When he stood down (for now), his turtles followed. They pulled themselves together. The blob of turtle goo bubbled and snapped back into itself—himself, his. As soon as he was stable, the rat gathered him up for safekeeping, then stretched even further to snatch the other out of the air. The big one shrank to slip free of the humans holding him down, crawling as the rat had crawled to them that fateful day of the fire, albeit with far more desperation. The last of them dimmed, swayed, chuffed exhaustedly and clung to the rat’s leg for support.
They knew beyond a shadow of doubt where and with whom they belonged. That knowledge was power too.

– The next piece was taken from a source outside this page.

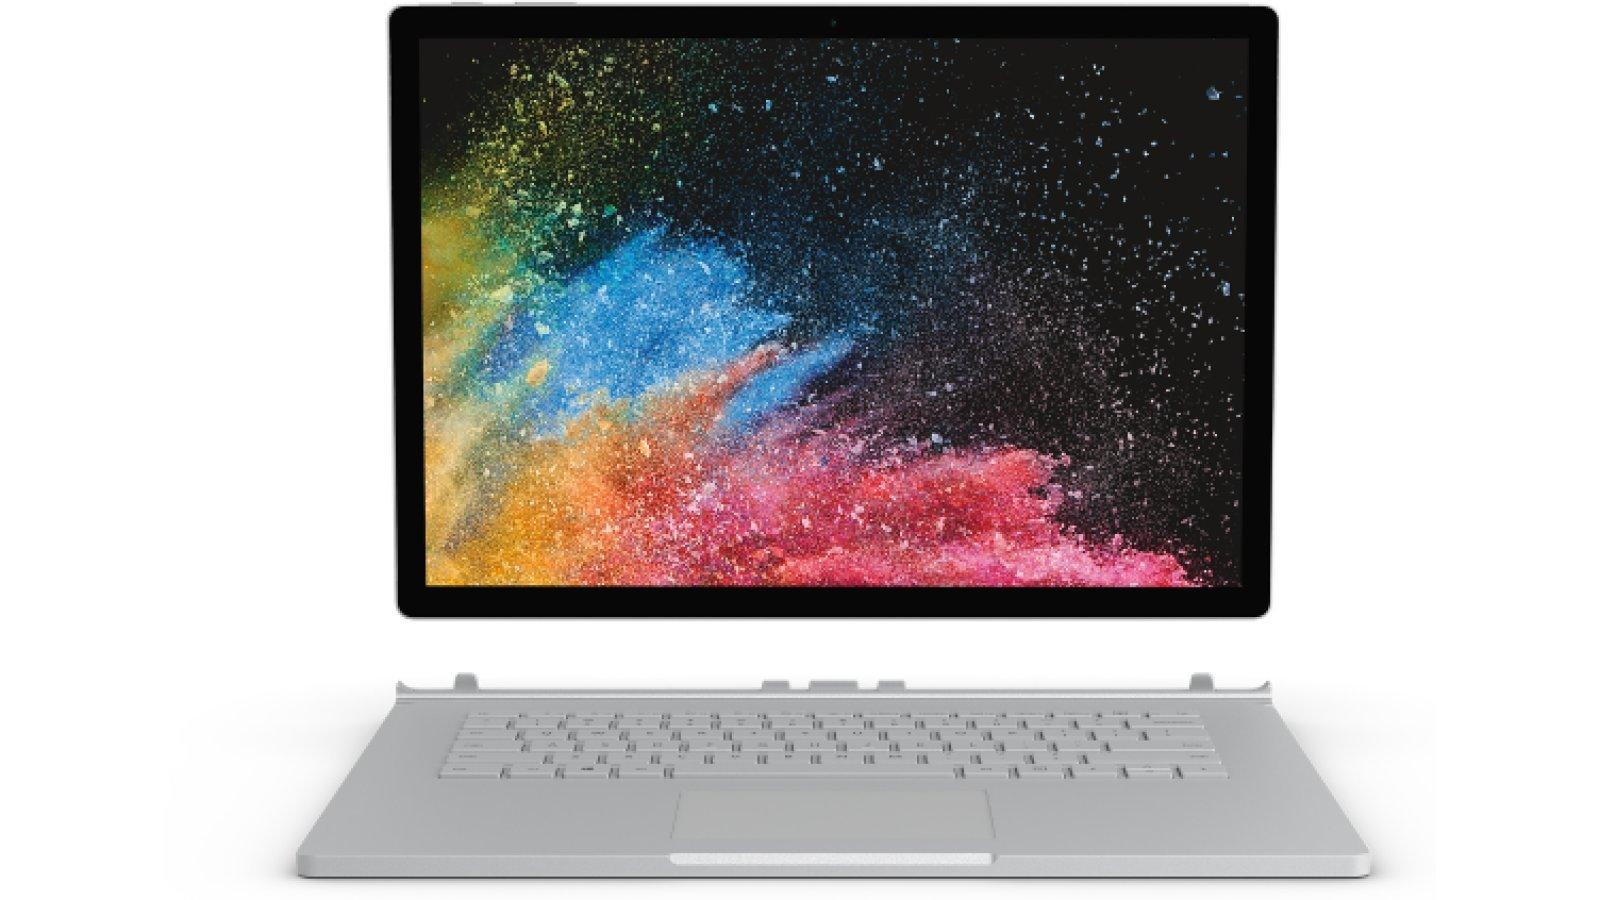 Microsoft обновила Surface Book 2 процессорами Intel 8-го поколения (dims 12)

He had not realized until it was a little too late that by making them his, he made the reverse true in the same stroke: the turtles saw him as theirs. Rats were naturally territorial but babies were naturally selfish. If he was theirs, they saw him as their only source of anything and everything. Claiming them saddled him with an unanticipated share of responsibility. Every need of theirs was his to put up with and solve and right now all they had to offer in return was more neediness under the name of affection. Ever clinging, ever pushing themselves at him for his care. His…love.
Could a rat feel such a thing for reptiles? He wasn’t sure yet. He was amused by them, he appreciated them, he was certainly interested, but love? Letting them claim so much of his heart and time and effort and resources? It was just another form of possession, wasn’t it? No one was allowed to own him.
Ah, but they had no loftier aspirations now than to eat whatever he gave them, nuzzle his nose or hold his paw or share his warmth. Conveniently the latter serviced him too, sharing the warmth of a nest he never had. They didn’t even know what they had or how good they had it. He knew better. If the burden of caring was the price to pay for keeping, he could forgive them that. For now. Give and be given. Eventually they would pay him back, of that much he was certain.
He would lend himself to them as he saw fit and with the right guidance, they would have so much More to offer in return, in time.